# Ice, Ice Baby...



## Andy Capp (Oct 5, 2008)

yes Vanilla Ice is coming to Dubai, to Barnasty on 31 March - admission is (unsurprisingly) free and he's got some other group/individual/has-been called SNAP along with him.

I'll be avoiding the place like the plague (nothing new there then!)


----------



## kaz101 (Nov 29, 2007)

Wow I thought he'd given that up ages ago! I guess the fact that I know who you are talking about shows my age


----------



## Andy Capp (Oct 5, 2008)

Oh and just for those people who had know idea who "SNAP" are...

Remember this?






And for those that don't know Vanilla Ice...

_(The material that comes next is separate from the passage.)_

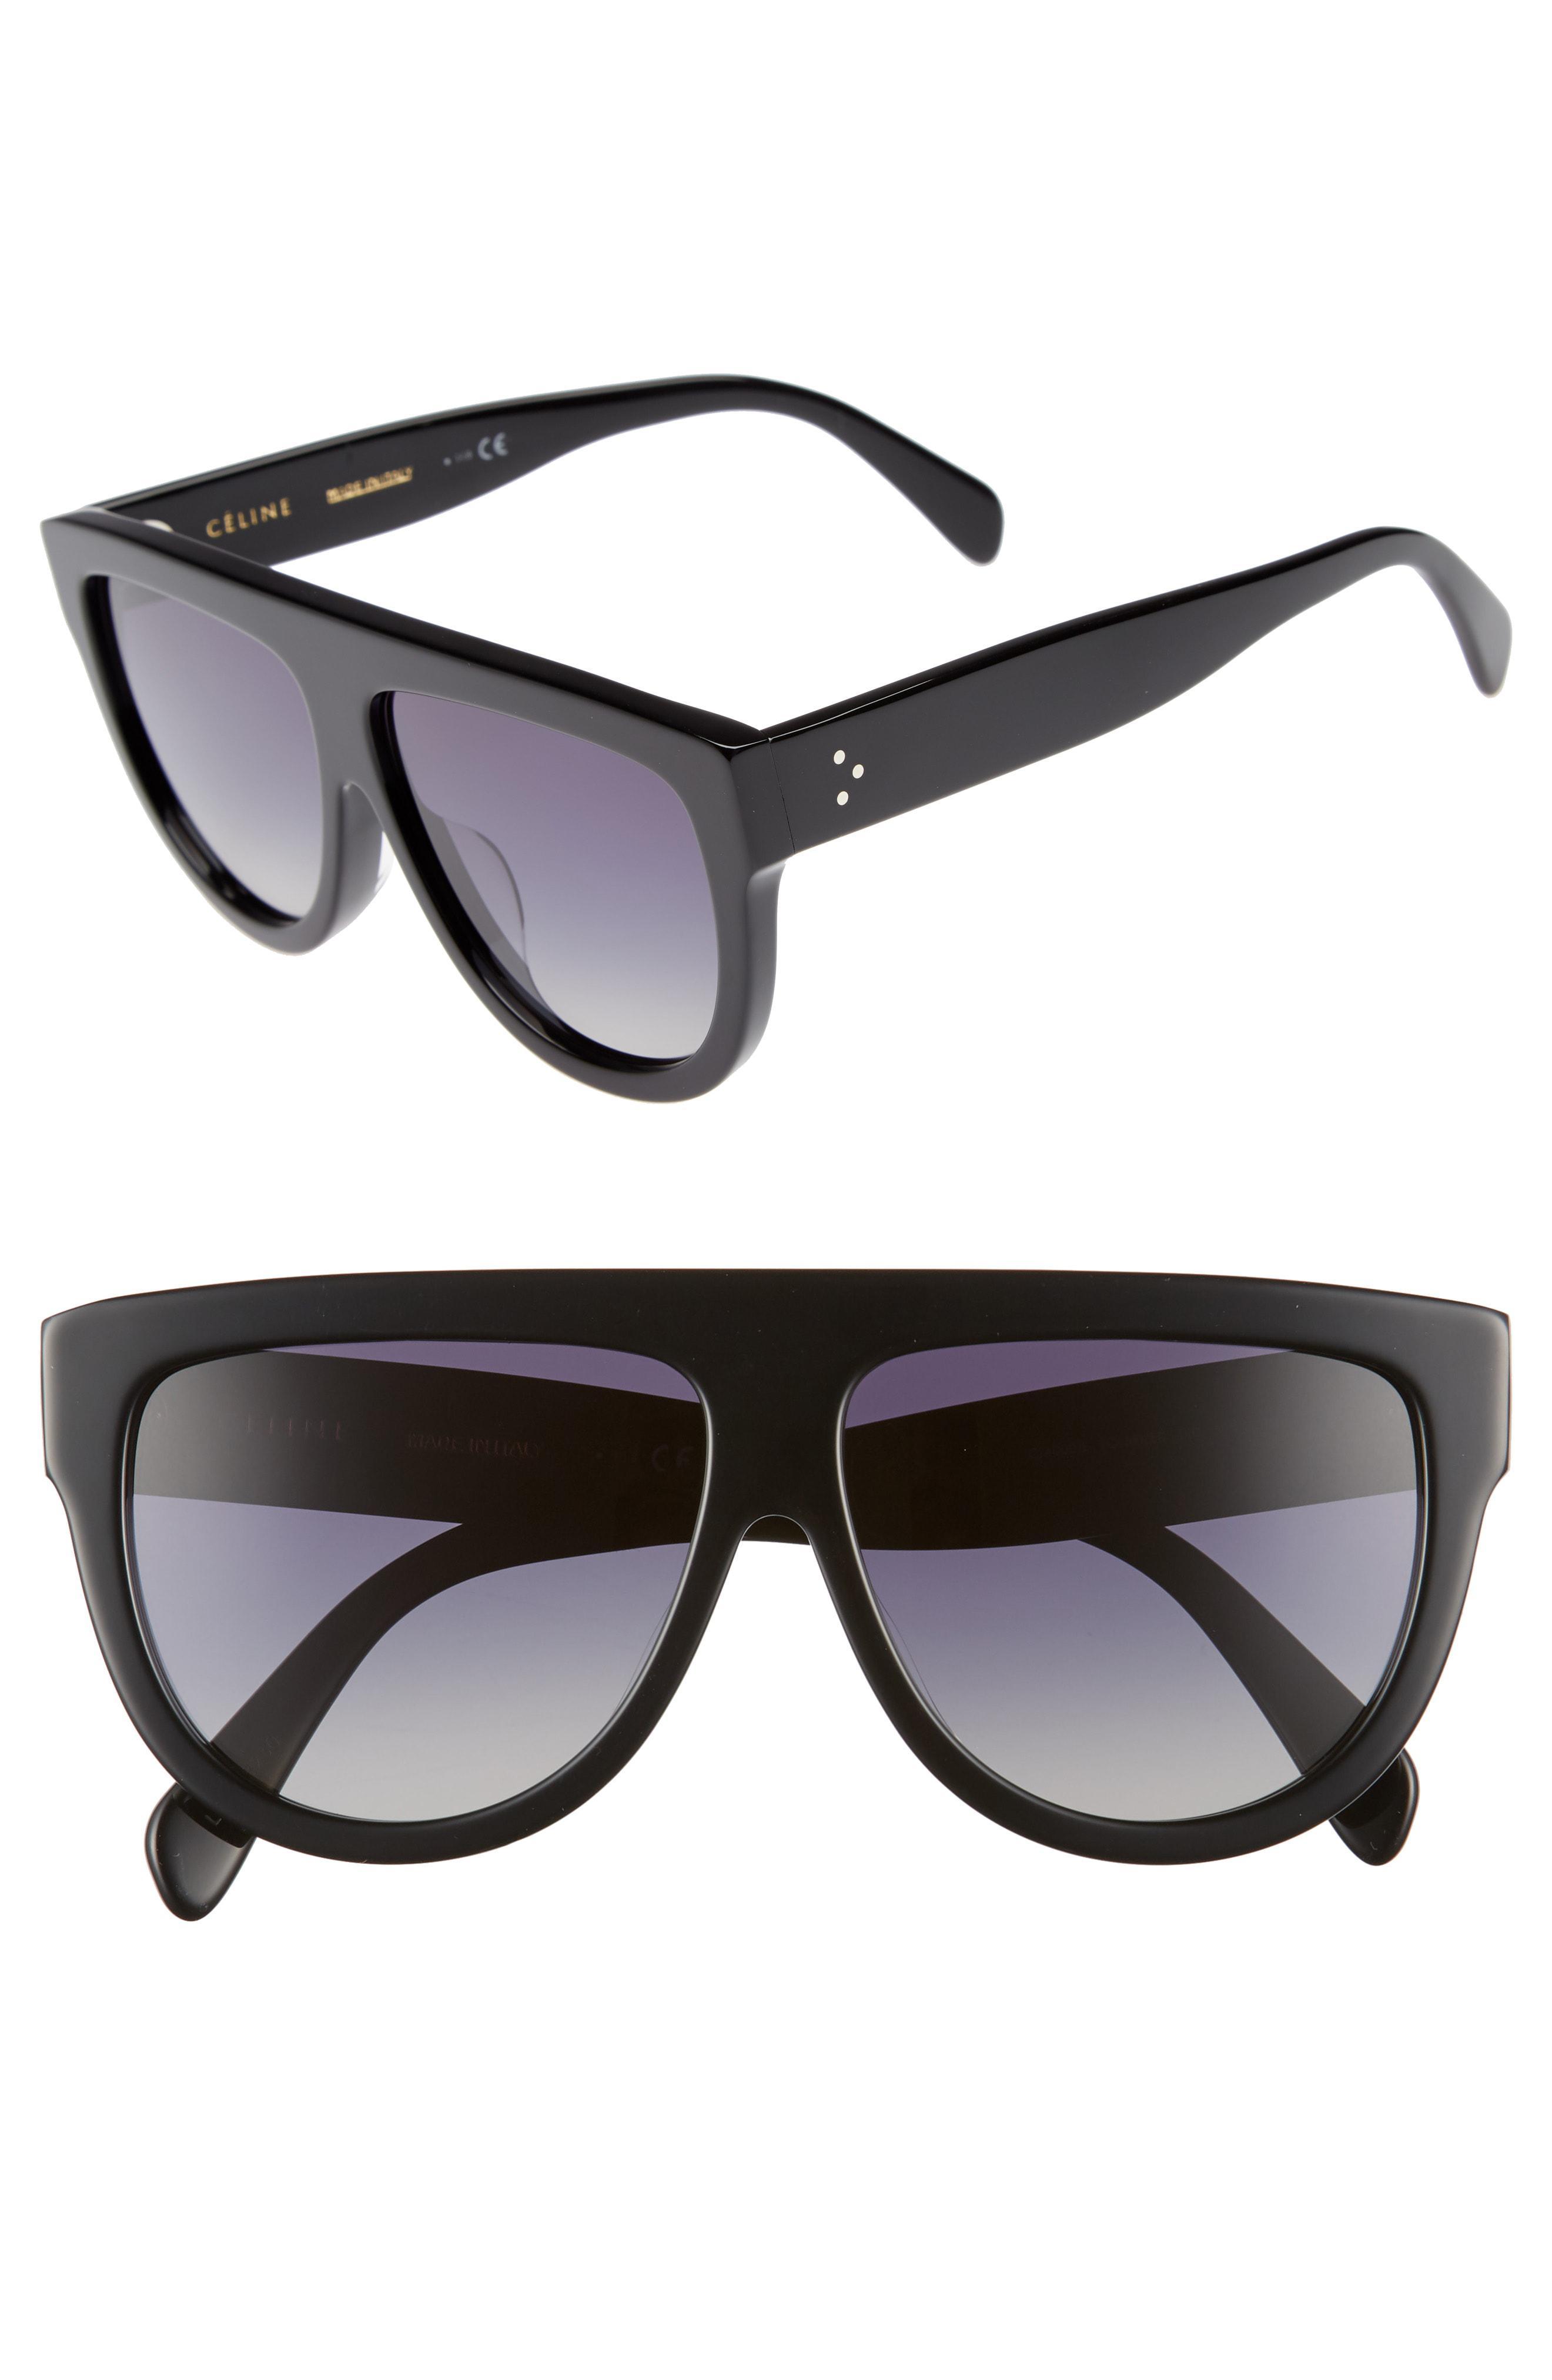 5a0309751ce Céline - Black Special Fit 60mm Polarized Gradient Flat Top Sunglasses - -  Lyst. View fullscreen

This has been a public information post, AC bears no responsibility for any adverse reaction to the above videos....


----------



## Jynxgirl (Nov 27, 2009)

He wont do the ice ice baby song... at least he didnt last time I saw him perform in a high school gym


----------



## Elphaba (Jan 24, 2008)

Jynxgirl said:


> He wont do the ice ice baby song... at least he didnt last time I saw him perform in a high school gym


But that's the only one anyone knows!! 


I am really busy that night...

-


----------



## Andy Capp (Oct 5, 2008)

Washing your hair again Elph?

I think it's funny that Jinxy saw him in a high school gym - oh how the mighty have fallen! The question is, is Barnasty a step up or a step down for him?????


----------



## Mr Rossi (May 16, 2009)

Vanilla Ice, Snap and I saw a post the other day for Guru Josh and Sash - ooooh ambassador you are really spoiling us


----------



## oh! (Feb 24, 2010)

oooohhh and all this time I thought Vanilla Ice was cryogenically frozen...as last seen in Austin Powers...


----------



## CarlZA (Nov 12, 2008)

LOL - a South African brewery used Vanilla Ice in an add - quite a good add though - for Castle Light beer.


----------



## SBP (Jan 4, 2010)

Is he stalking Jynx? First her high school and now on the other side of the word where she tried to hide.......................


----------



## Jynxgirl (Nov 27, 2009)

I would say its a step up. 

He isnt so bad looking... I wont mind him stalking me a night or two


----------